Assessment of Tumoricidal Efficacy and Response to Treatment with 18F-FDG PET/CT After Intraarterial Infusion with the Antiglycolytic Agent 3-Bromopyruvate in the VX2 Model of Liver Tumor

The fundamental knowledge that cancer cells frequently exhibit enhanced glycolysis to meet their energy needs, even under aerobic conditions, is known as the Warburg effect (1,2). Although the underlying and regulatory mechanisms responsible for this effect are complicated and not yet fully explored, the metabolic consequences appear to be similar; cancer cells shift their means of energy production toward increased glycolysis for adaptation and survival (3,4). 18F-FDG PET traces the tissue concentrations of 18F, which are directly related to the glucose metabolic rate, as most intratumoral 18F is in the form of FDG-6-phosphate and is thus a noninvasive indicator of the Warburg phenomenon and of tumor glucose use (5). 18F-FDG is a glucose analog that is preferentially trapped in fast-metabolizing cells, such as cancer cells, in the form of FDG-6-phosphate.
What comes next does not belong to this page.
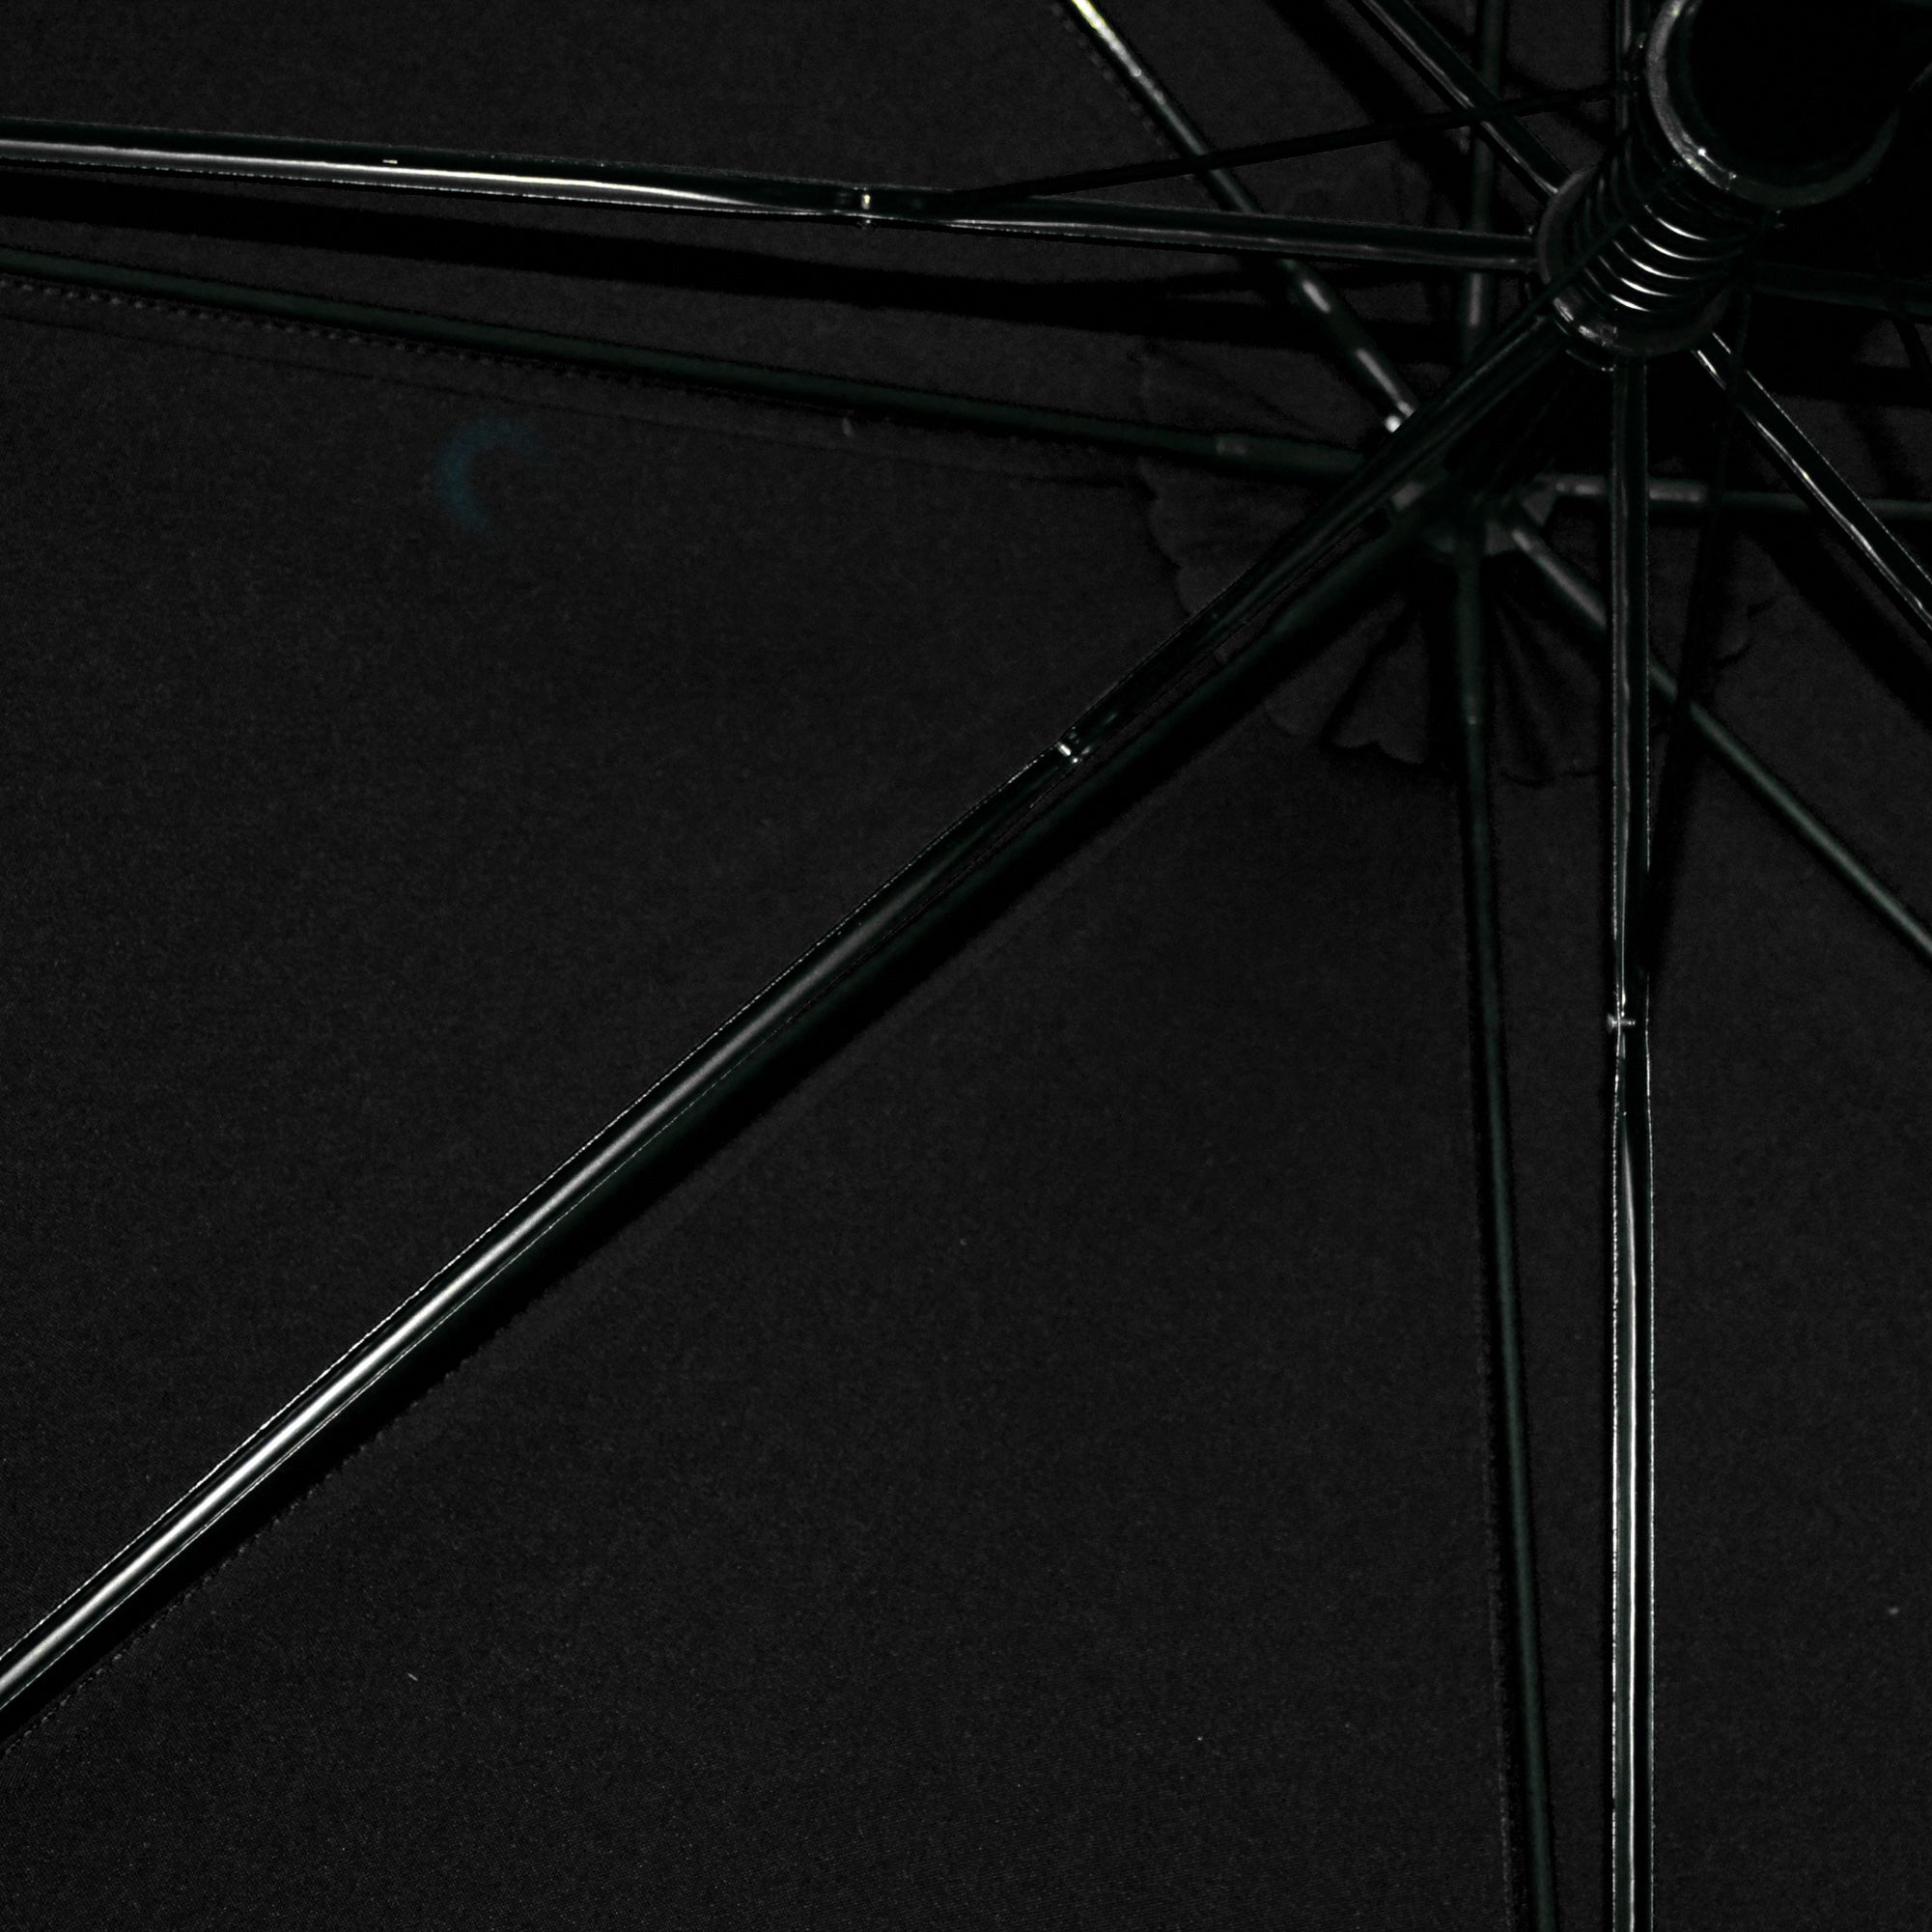 Giordano Long Umbrella

Increased 18F-FDG uptake has been noted in many types of tumor xenografts (6). In recent years, 18F-FDG PET has become increasingly important in cancer management and is now routinely used in the diagnosis and staging of many malignancies as well as in the evaluation of the response to treatment (7). Not surprisingly, the Warburg effect also provides an important biochemical basis for the design of anticancer therapeutic strategies and new anticancer agents. 3-bromo-pyruvate (3-BrPA) belongs to a new class of anticancer drugs blocking glycolytic tumor metabolism and has shown promising results when injected intraarterially in the VX2 tumor model of liver cancer (8,9). In this report, we used the VX2 liver tumor model to determine the tumoricidal effects of 3-BrPA over time and monitor changes in tumor metabolism and tumor response to treatment with 18F-FDG PET. We have previously shown that this moderate-sized rabbit tumor model is well imaged using modern clinical PET/CT capabilities (10). We further sought to determine whether metabolic imaging response to treatment correlates with histopathologic tumor necrosis.